→ **Task brief**:
Output word for word the lines from the one with "Behind the Scenes" to the final line of the data, both ends included, but skip the pictures.

→ **Dataset excerpt**:

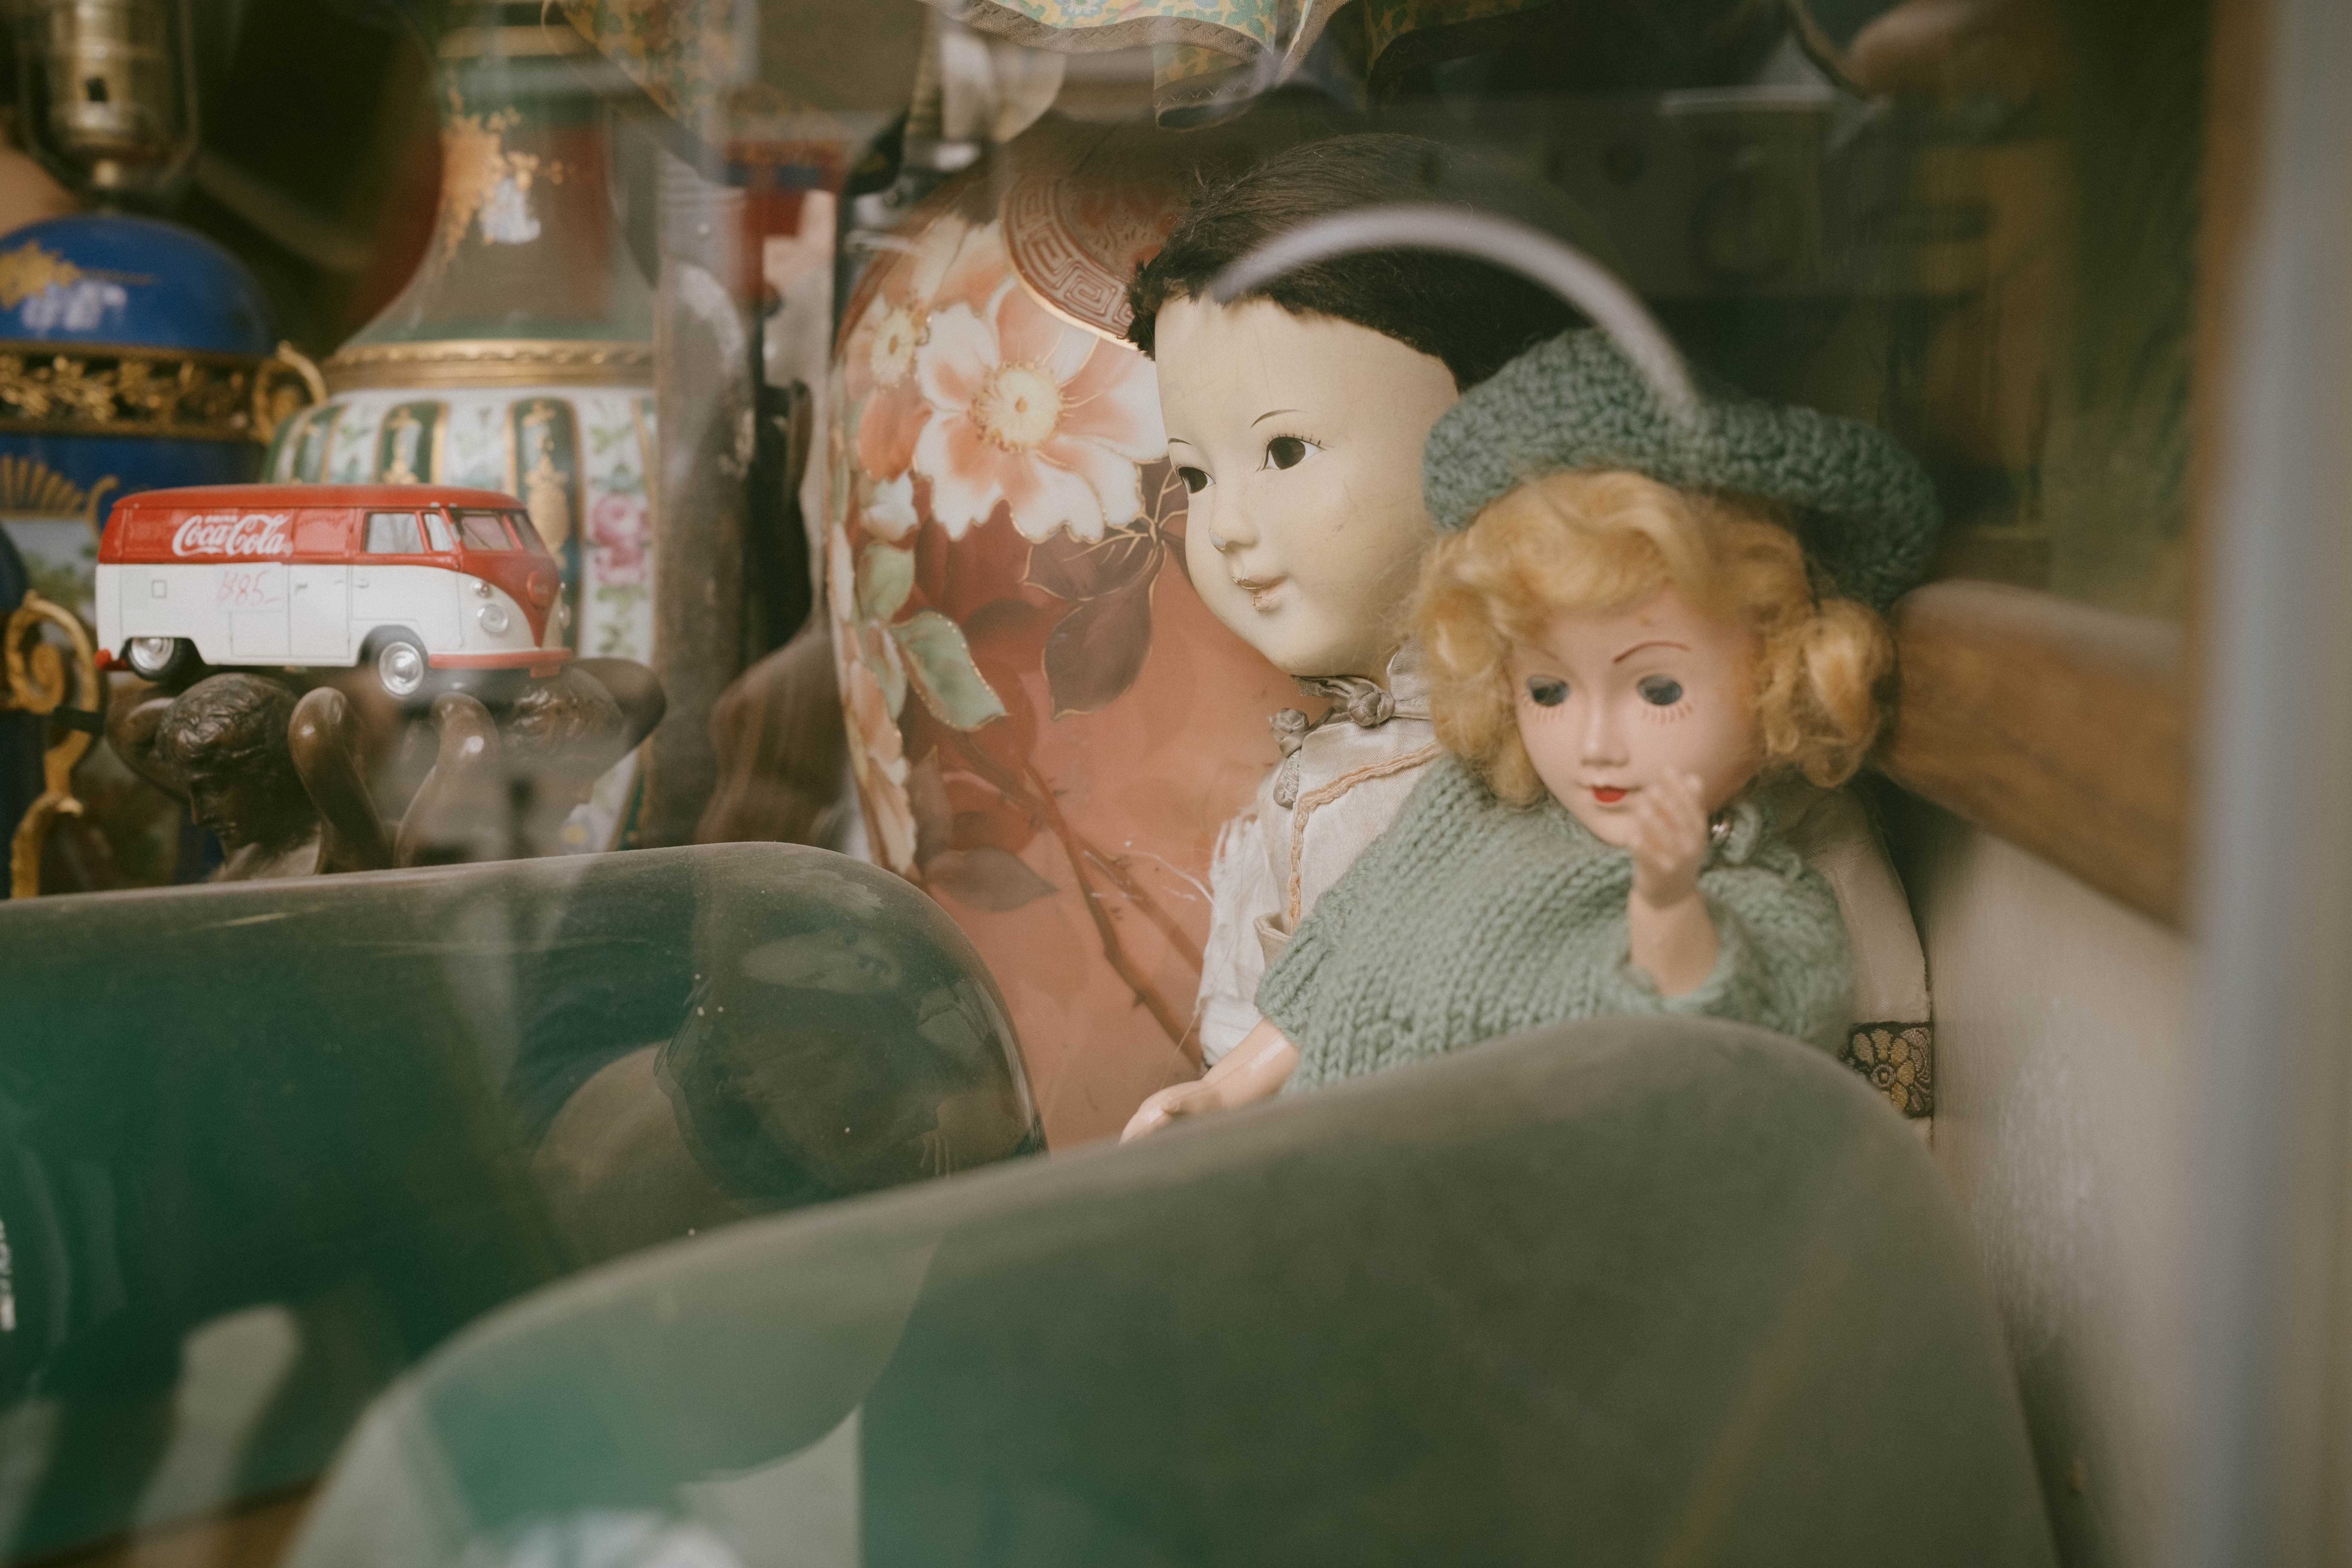 Tight shot of dolls in a storefront
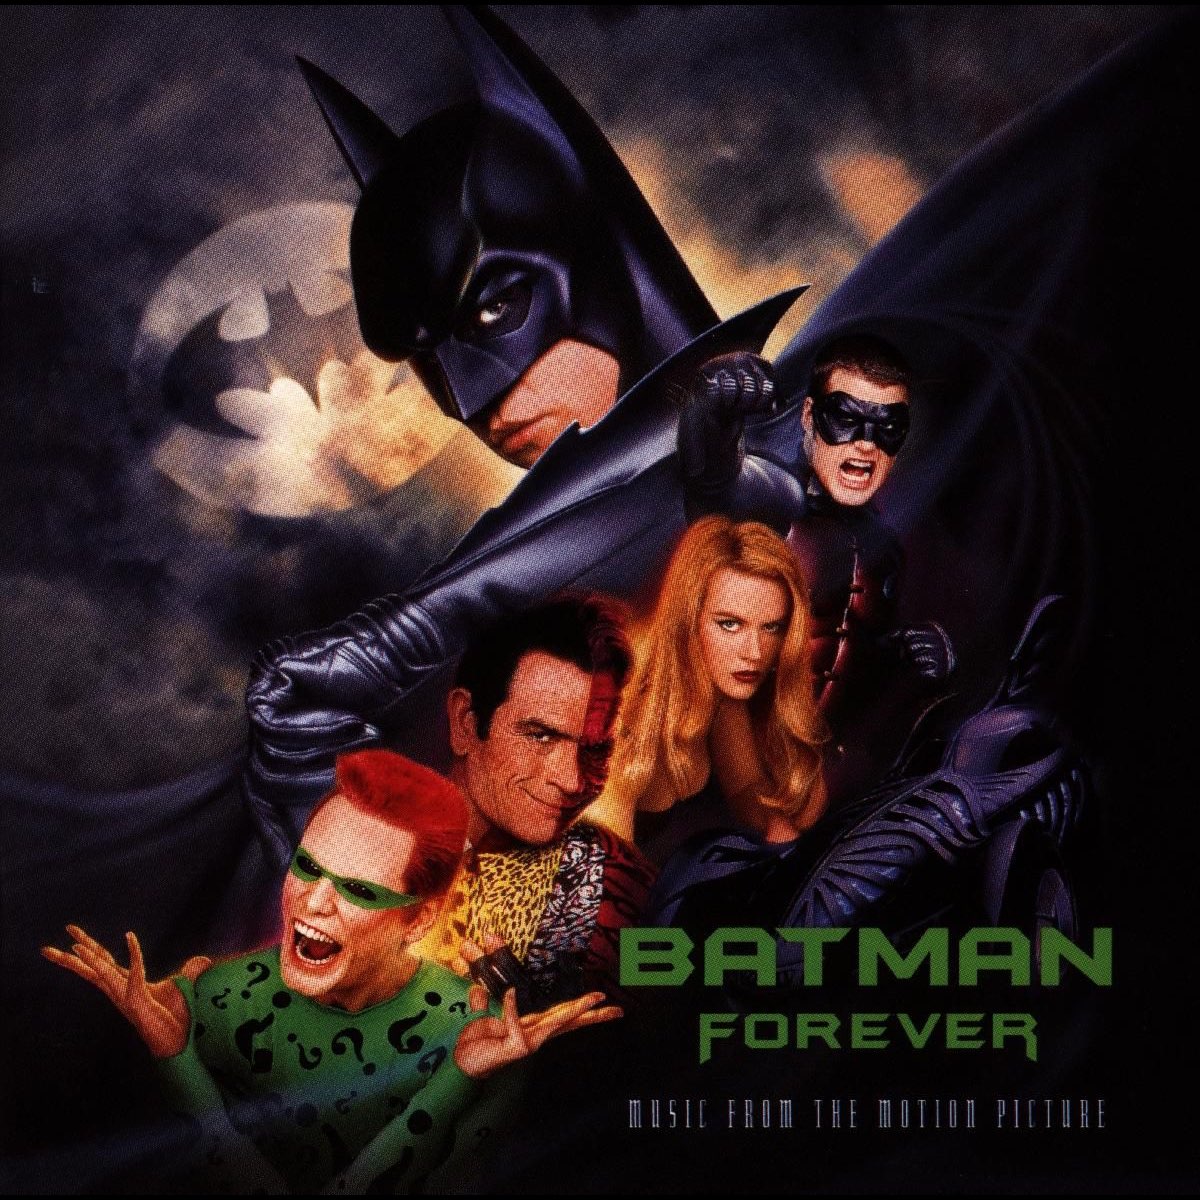 Batman Forever (Music from the Motion Picture) by Various Artists on iTunes
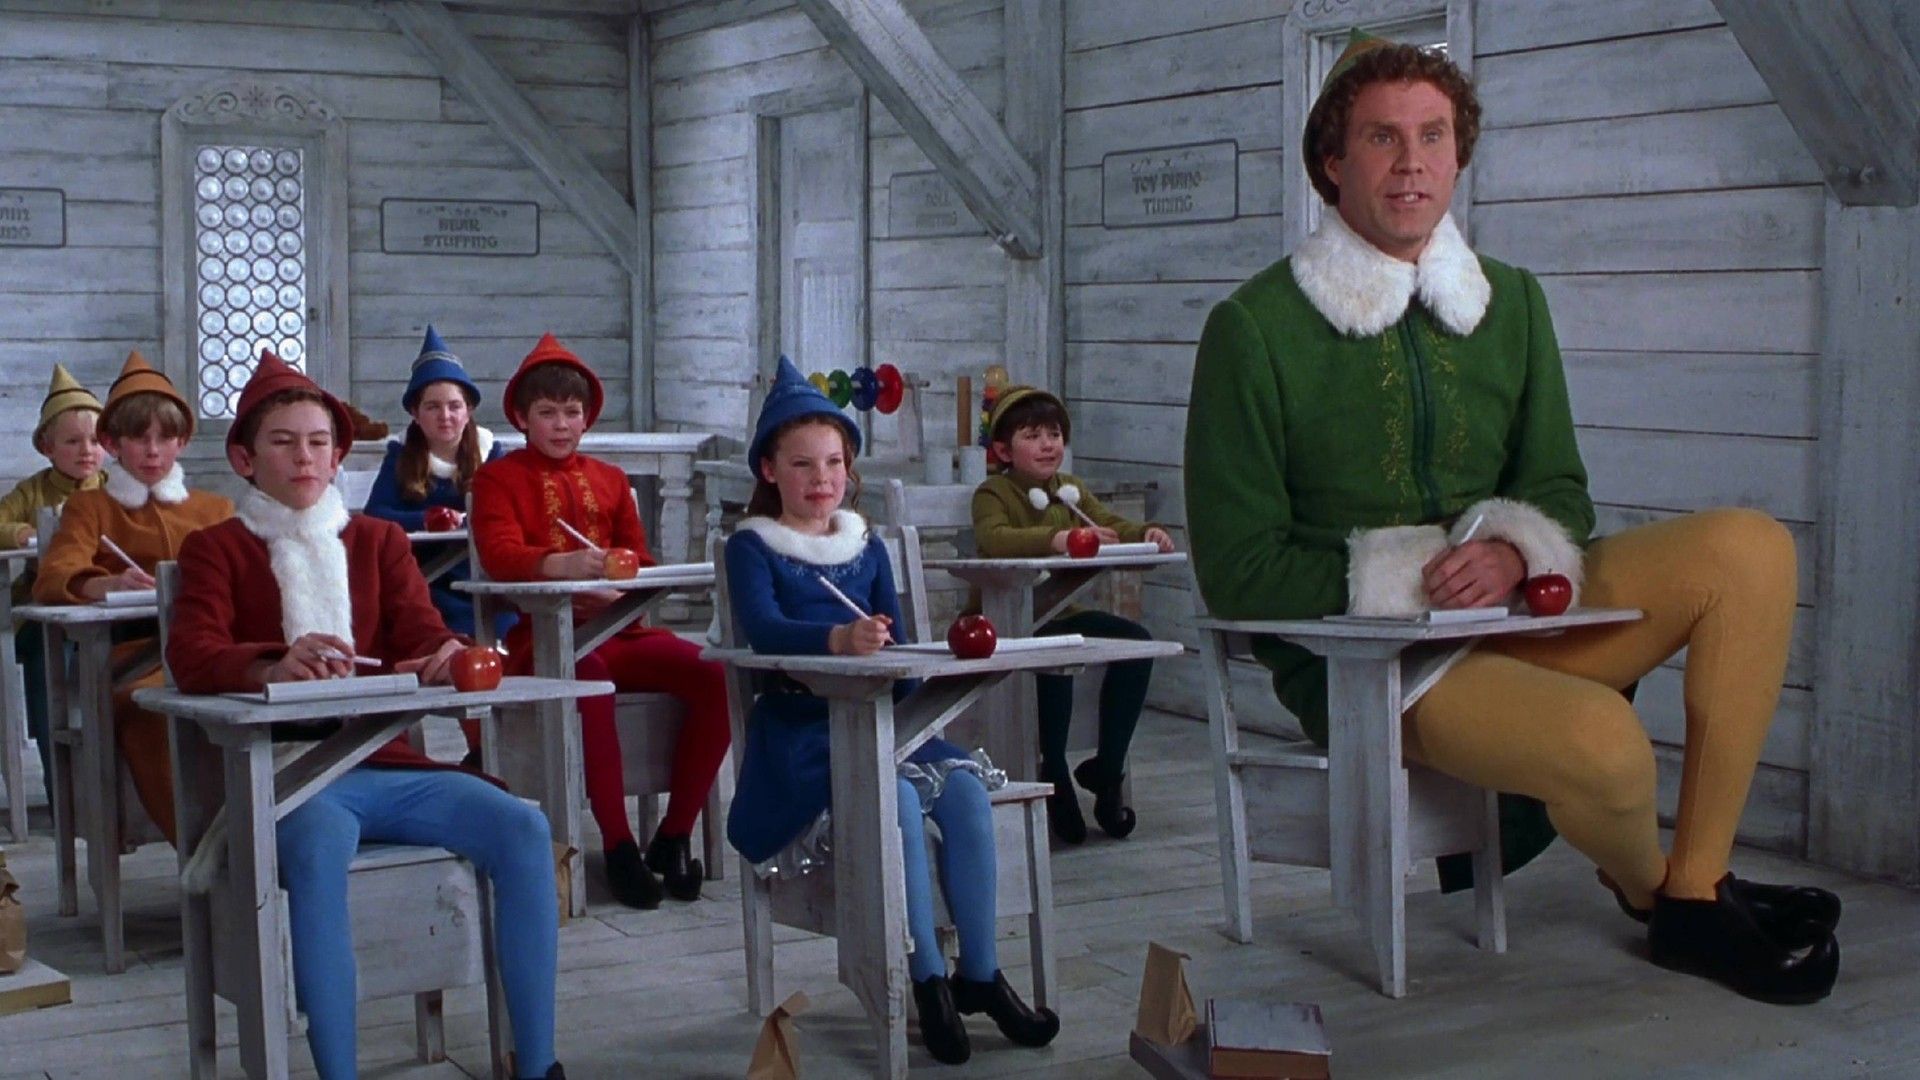 Behind the Scenes of 'Elf' and the Use of Forced Perspective
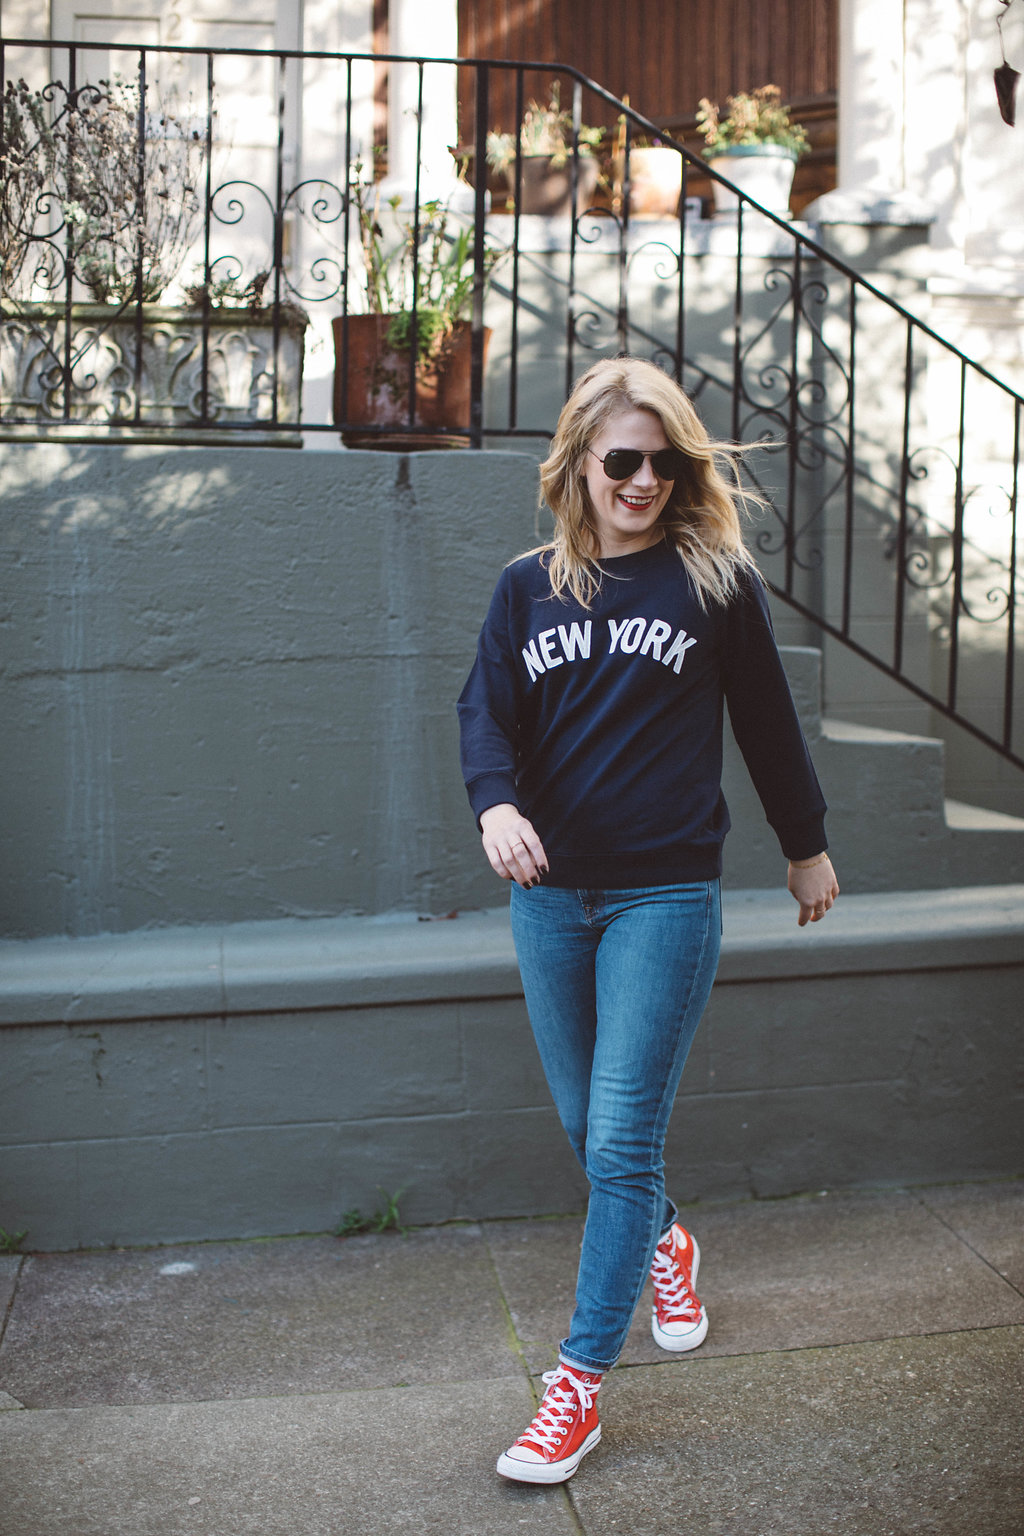 East Coast, Always. // J. Crew New York Sweatshirt paired with Everlane Denim and Chuck Taylor sneakers for a casual weekend look.

→ **Expected answer**:
 Behind the Scenes of 'Elf' and the Use of Forced Perspective
 East Coast, Always. // J. Crew New York Sweatshirt paired with Everlane Denim and Chuck Taylor sneakers for a casual weekend look.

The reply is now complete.